If you look at the problem you see a quite small difference in angles and the difference in his calculations reflects this. In other words don't toss Newtons. Just give them a base figure and percentage differences for various angle options.
 
Jaepheth said:
I used the values you provided.

Since the same mass is on both ramps the weight, and what units it's measured in, becomes irrelevant. The result is more a function of the ratios of the angles involved.

If you want an exact answer as to just how much harder it is to use ramp 1, then you need to go measure the coefficient of friction using a pull scale, a fully loaded rack, and a level surface.


EDIT:
Although with a mu <= 1 you're looking at less than an additional 40 pounds of force to use the larger ramp.

If mu = .3 (approx. worst case from here) then you're looking at minimum push weights of 1316 lbs and 1277 lbs respectively
Click to expand...
OK that's what I thought. He's vastly over complicating things. Weight is the same, friction is the same. All that matters is angle for force required to move the object.

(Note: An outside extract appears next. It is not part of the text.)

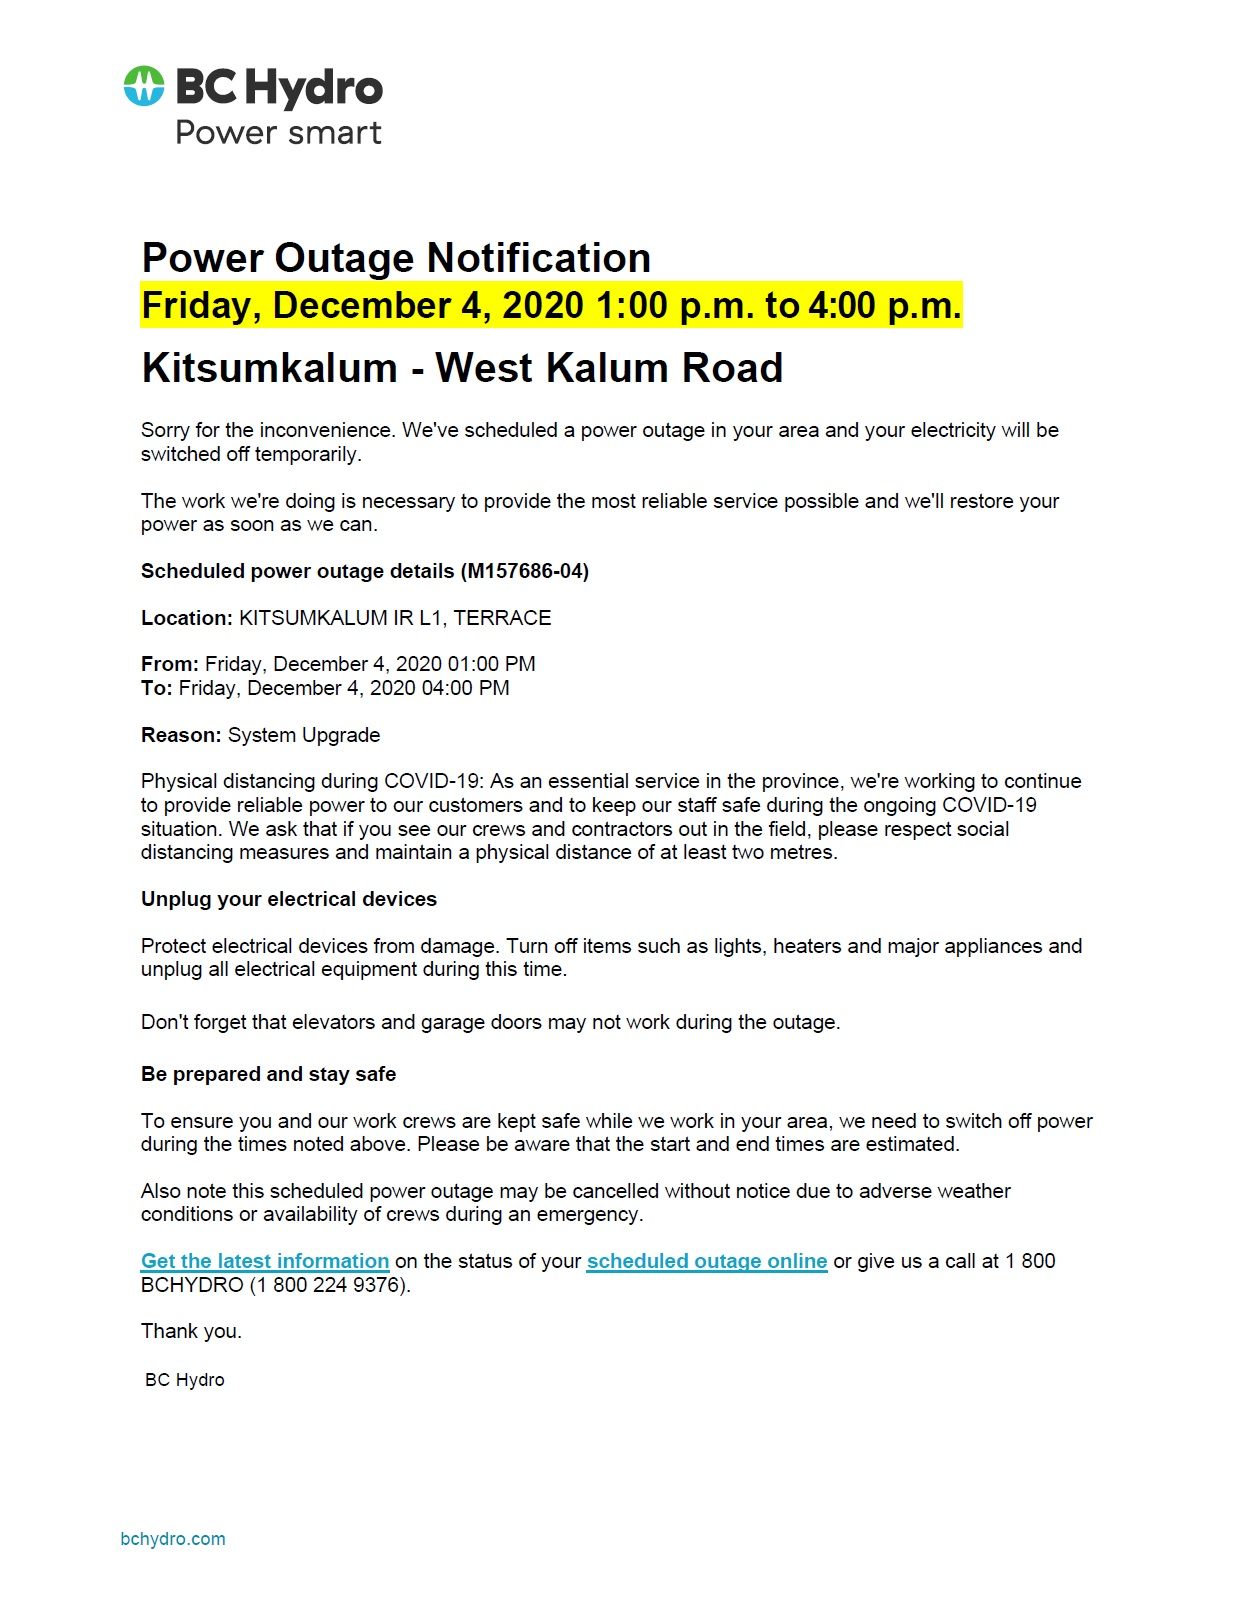 Planned Power Outage – West Kalum Road Kitsumkalum DEC 4th

Total force output, which wasn't asked but is relevant if the task is repeated frequently, also changes with angle but now distance is important.
 
Its a first approximation type problem.

So you need to find the force required to move the block up the ramp with only gravity acting as your resistance, no friction. Then find the distance needed to apply that force. Solve for the hypotenuse distance I guess.

The difference in potential energy is going to be mgh no matter what. I guess they want to see if you understand the effect of ramps on the normal force.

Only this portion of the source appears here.